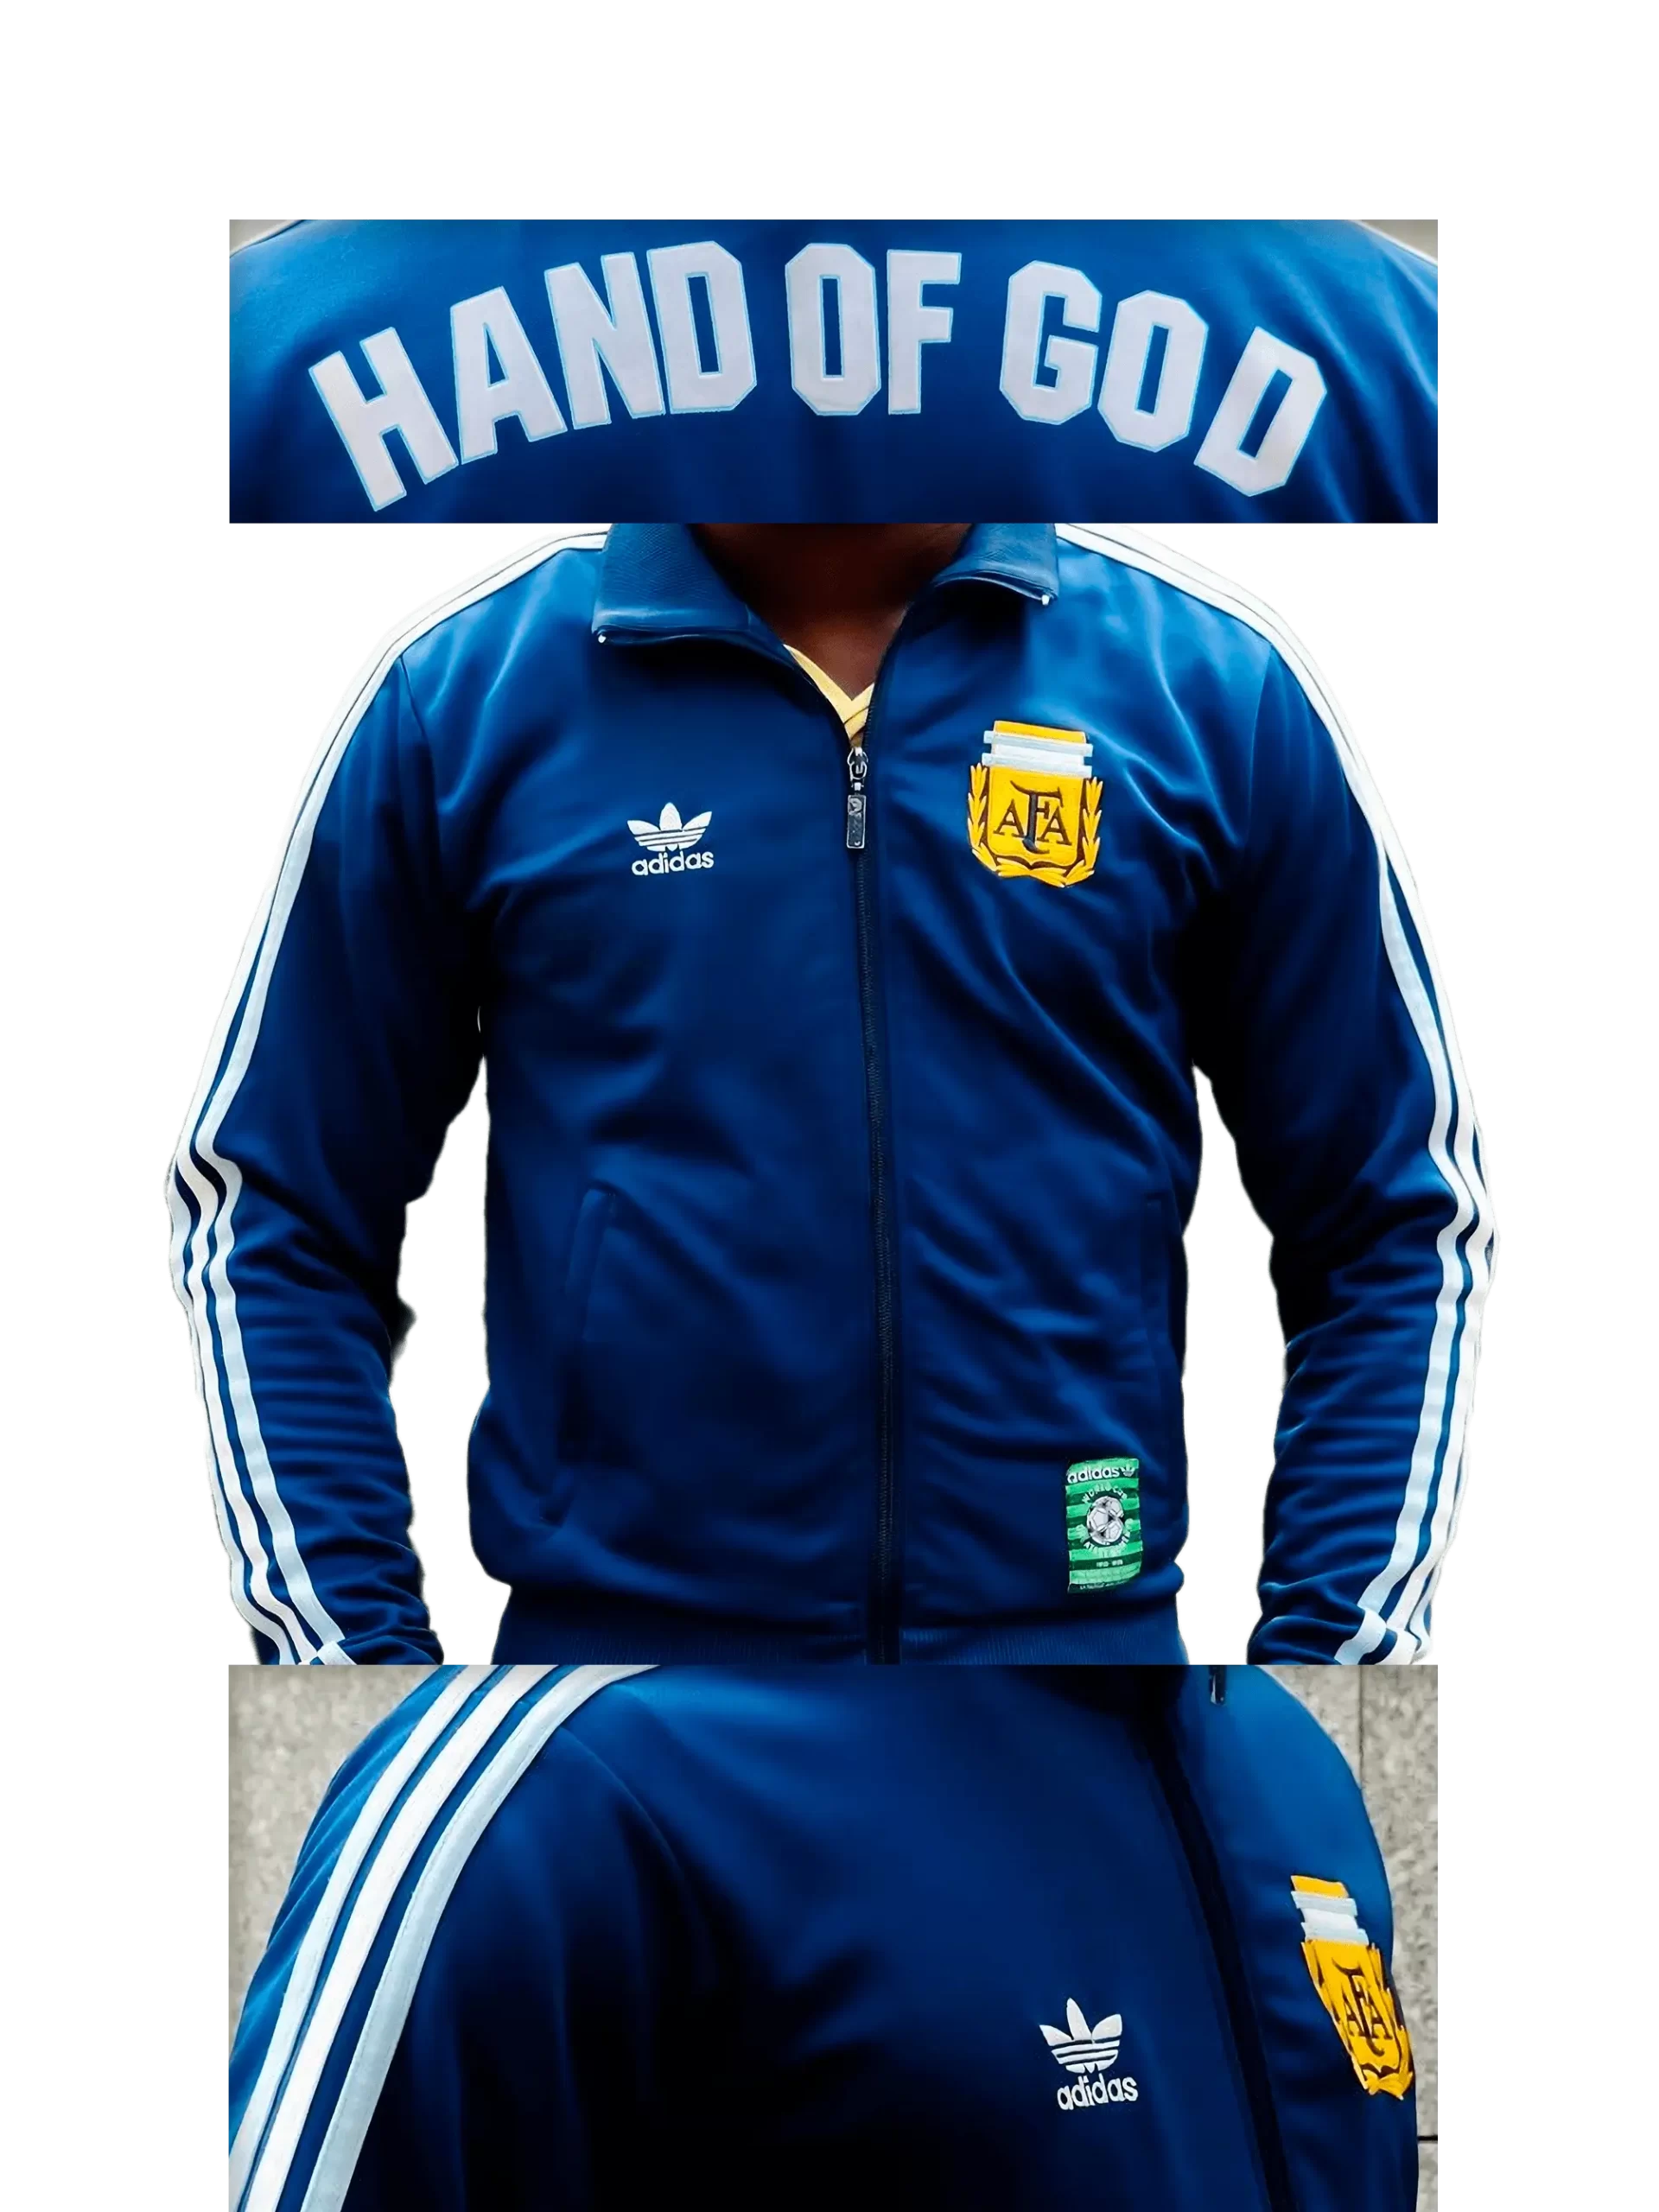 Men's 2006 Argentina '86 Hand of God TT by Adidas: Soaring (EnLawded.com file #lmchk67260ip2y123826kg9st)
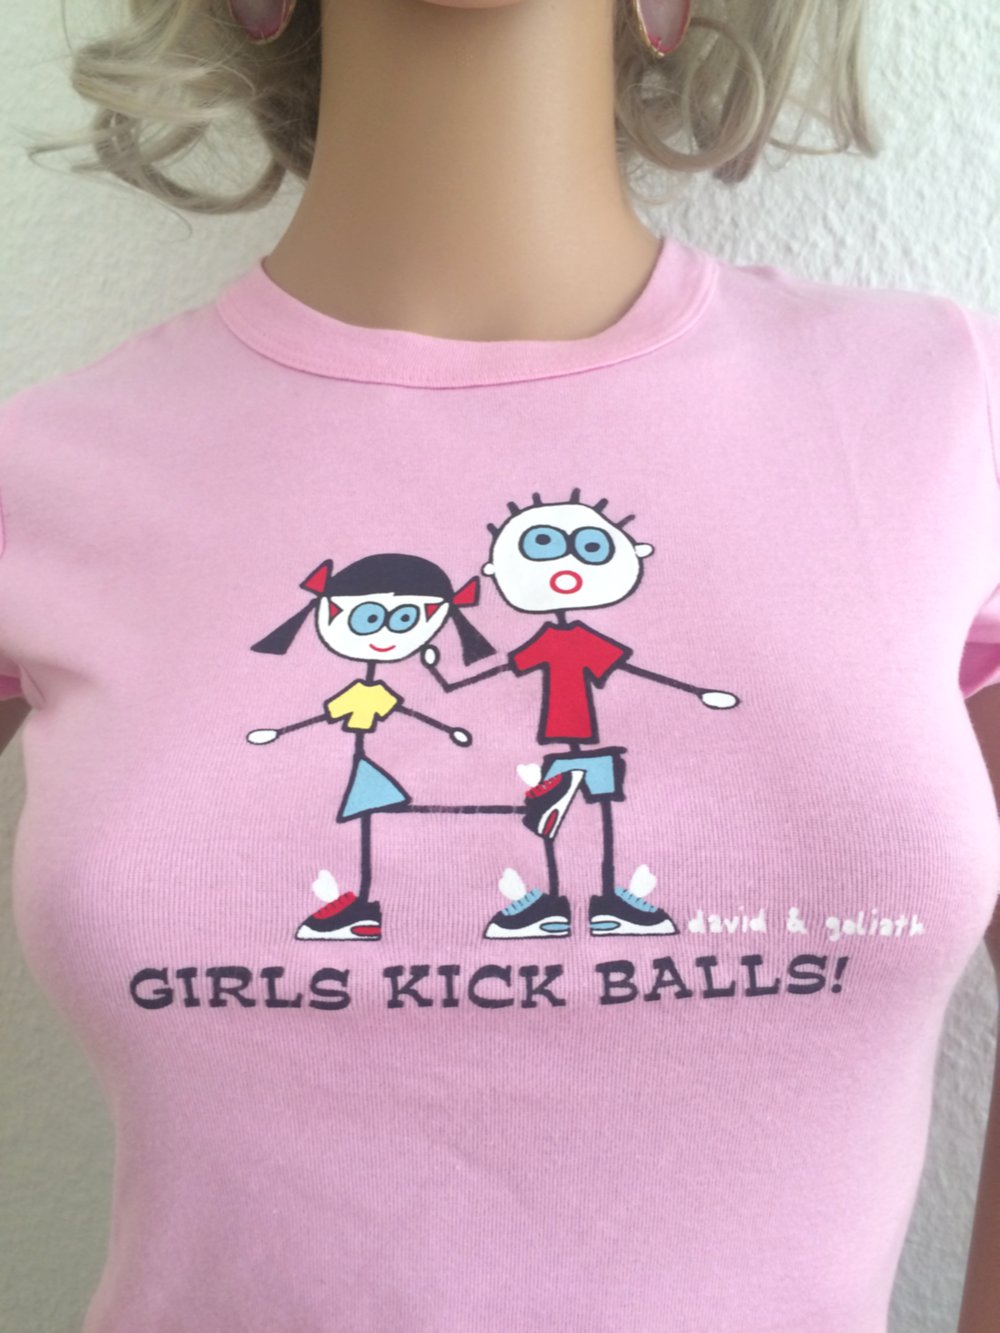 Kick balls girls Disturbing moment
==
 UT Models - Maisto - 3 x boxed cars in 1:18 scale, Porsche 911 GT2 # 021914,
---
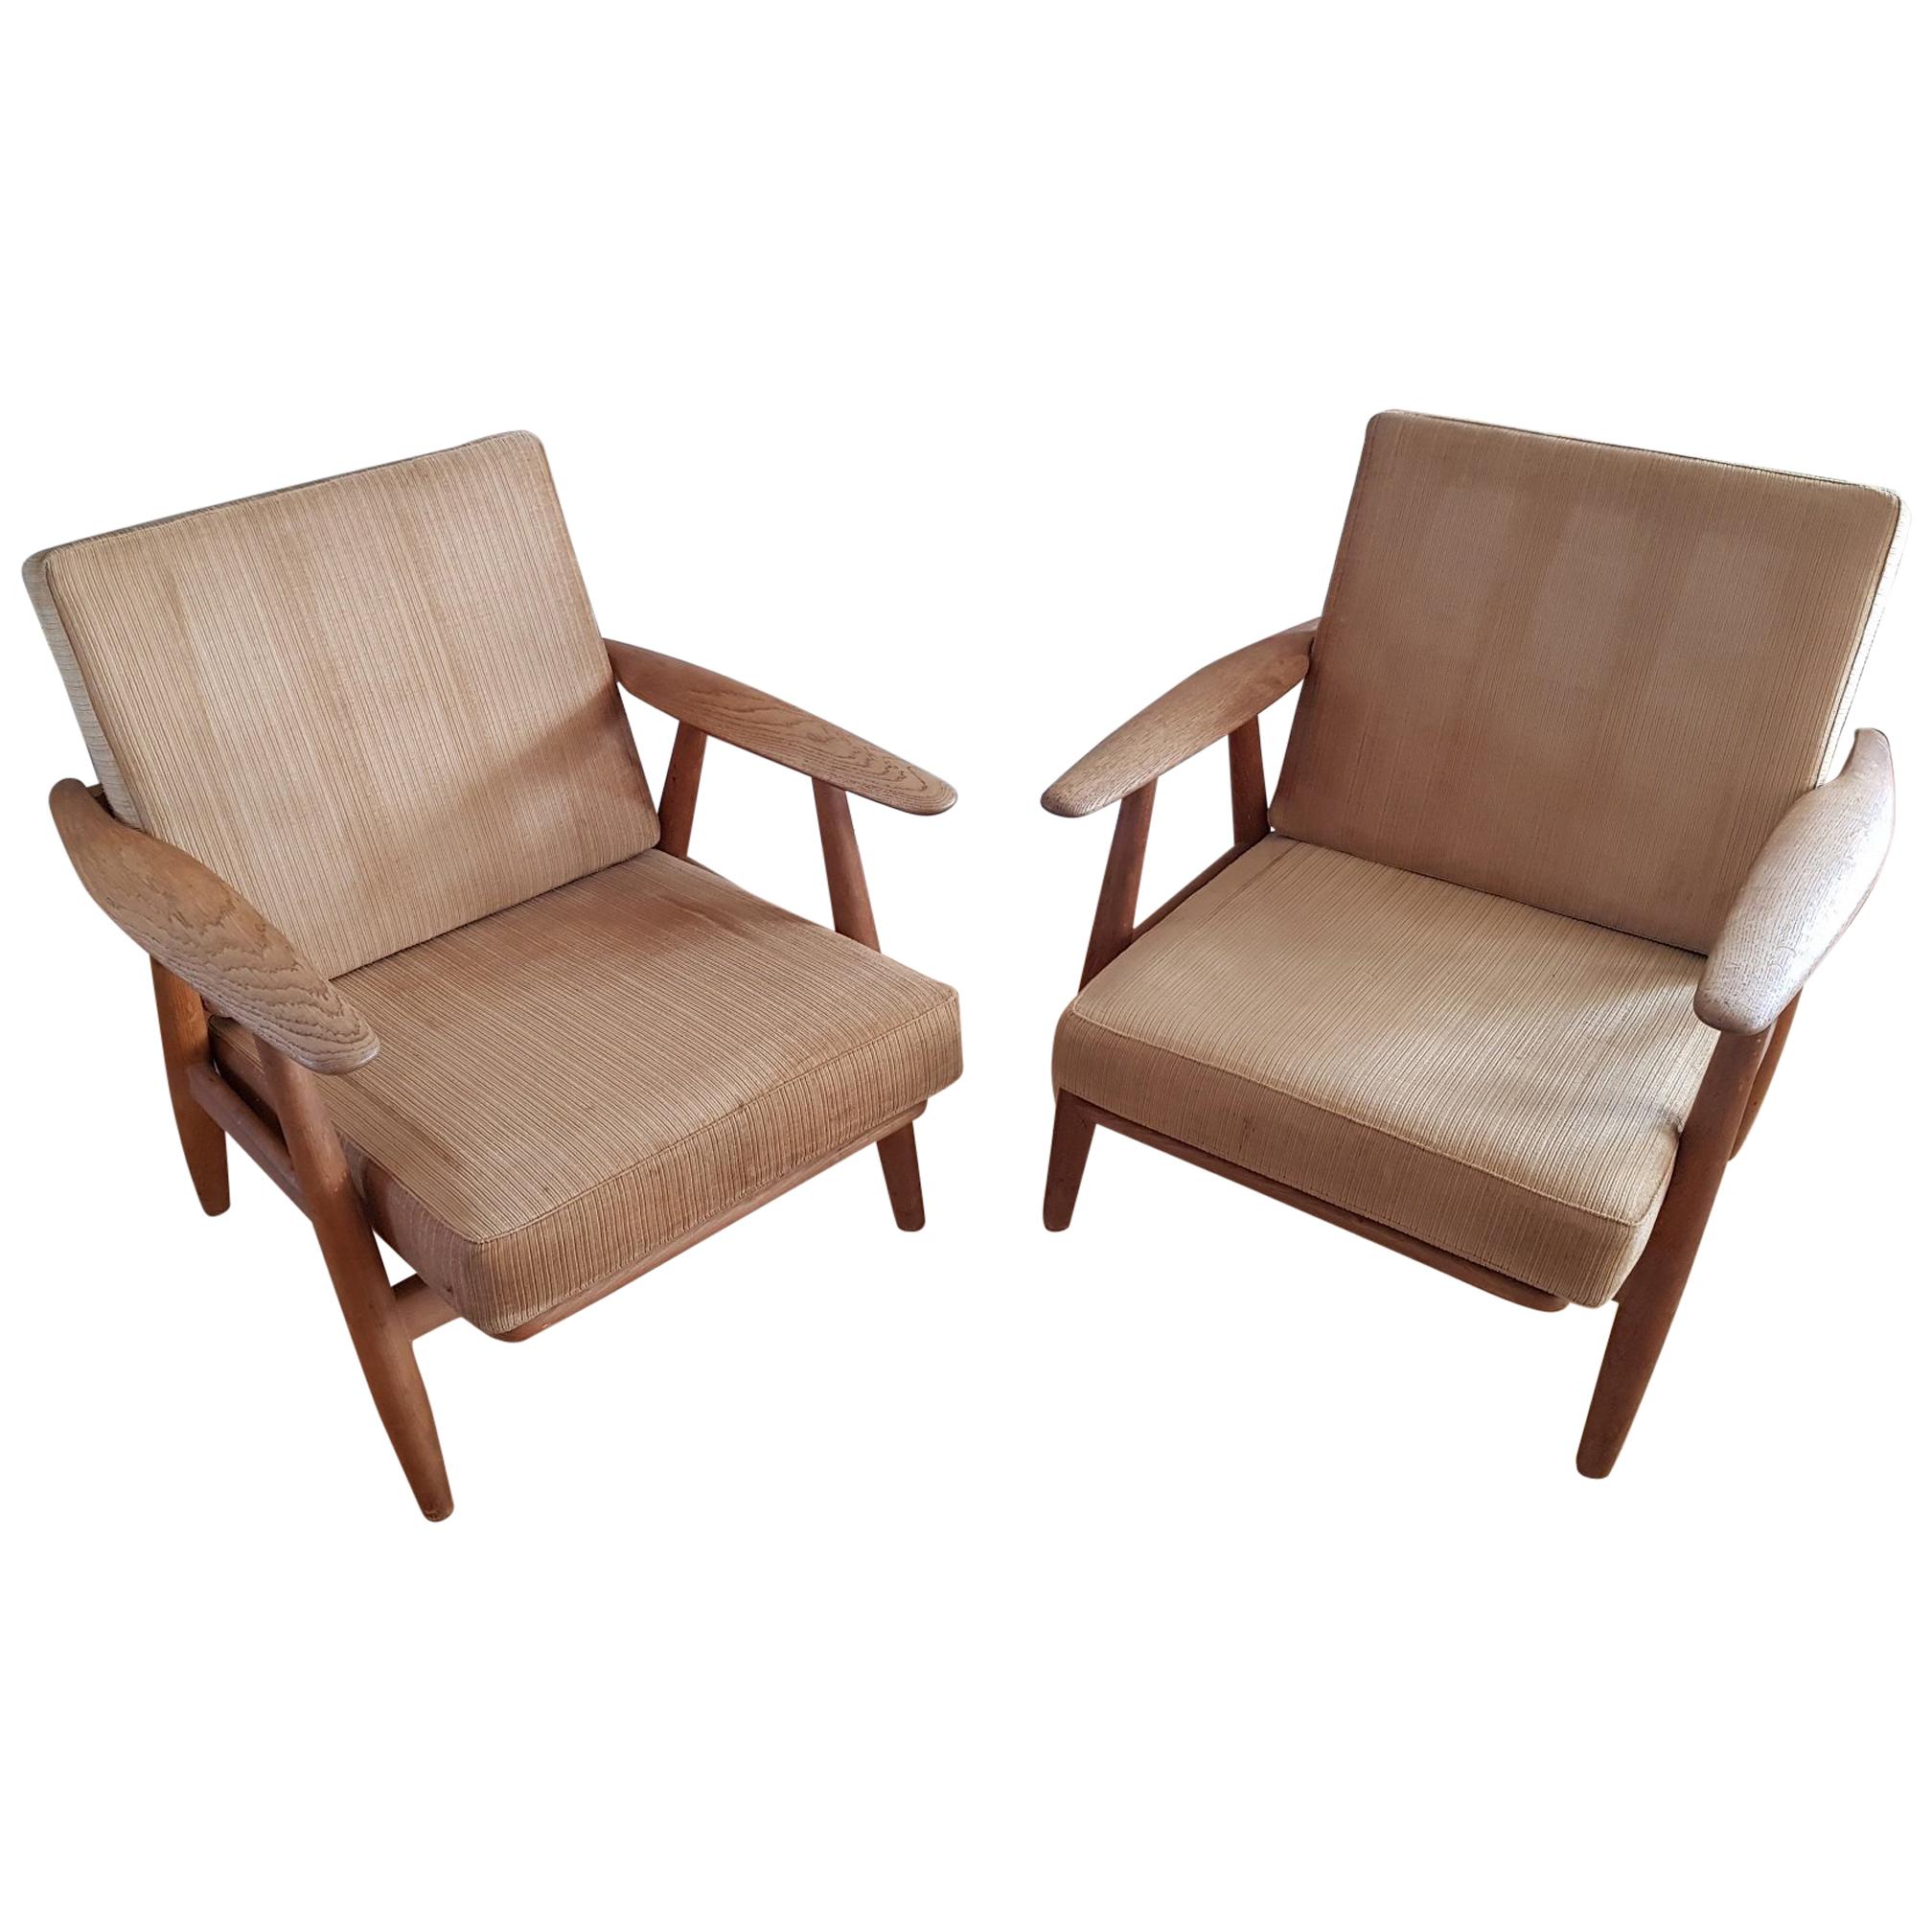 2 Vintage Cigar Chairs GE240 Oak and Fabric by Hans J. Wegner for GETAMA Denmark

**The problem:** In the records above, find the line containing "Men's 2006 Argentina" and the line containing "Kick balls girls Disturbing moment", then give both of them again word for word along with every line between. Omit any pictures.

**Finished exercise:**
 Men's 2006 Argentina '86 Hand of God TT by Adidas: Soaring (EnLawded.com file #lmchk67260ip2y123826kg9st)
 Kick balls girls Disturbing moment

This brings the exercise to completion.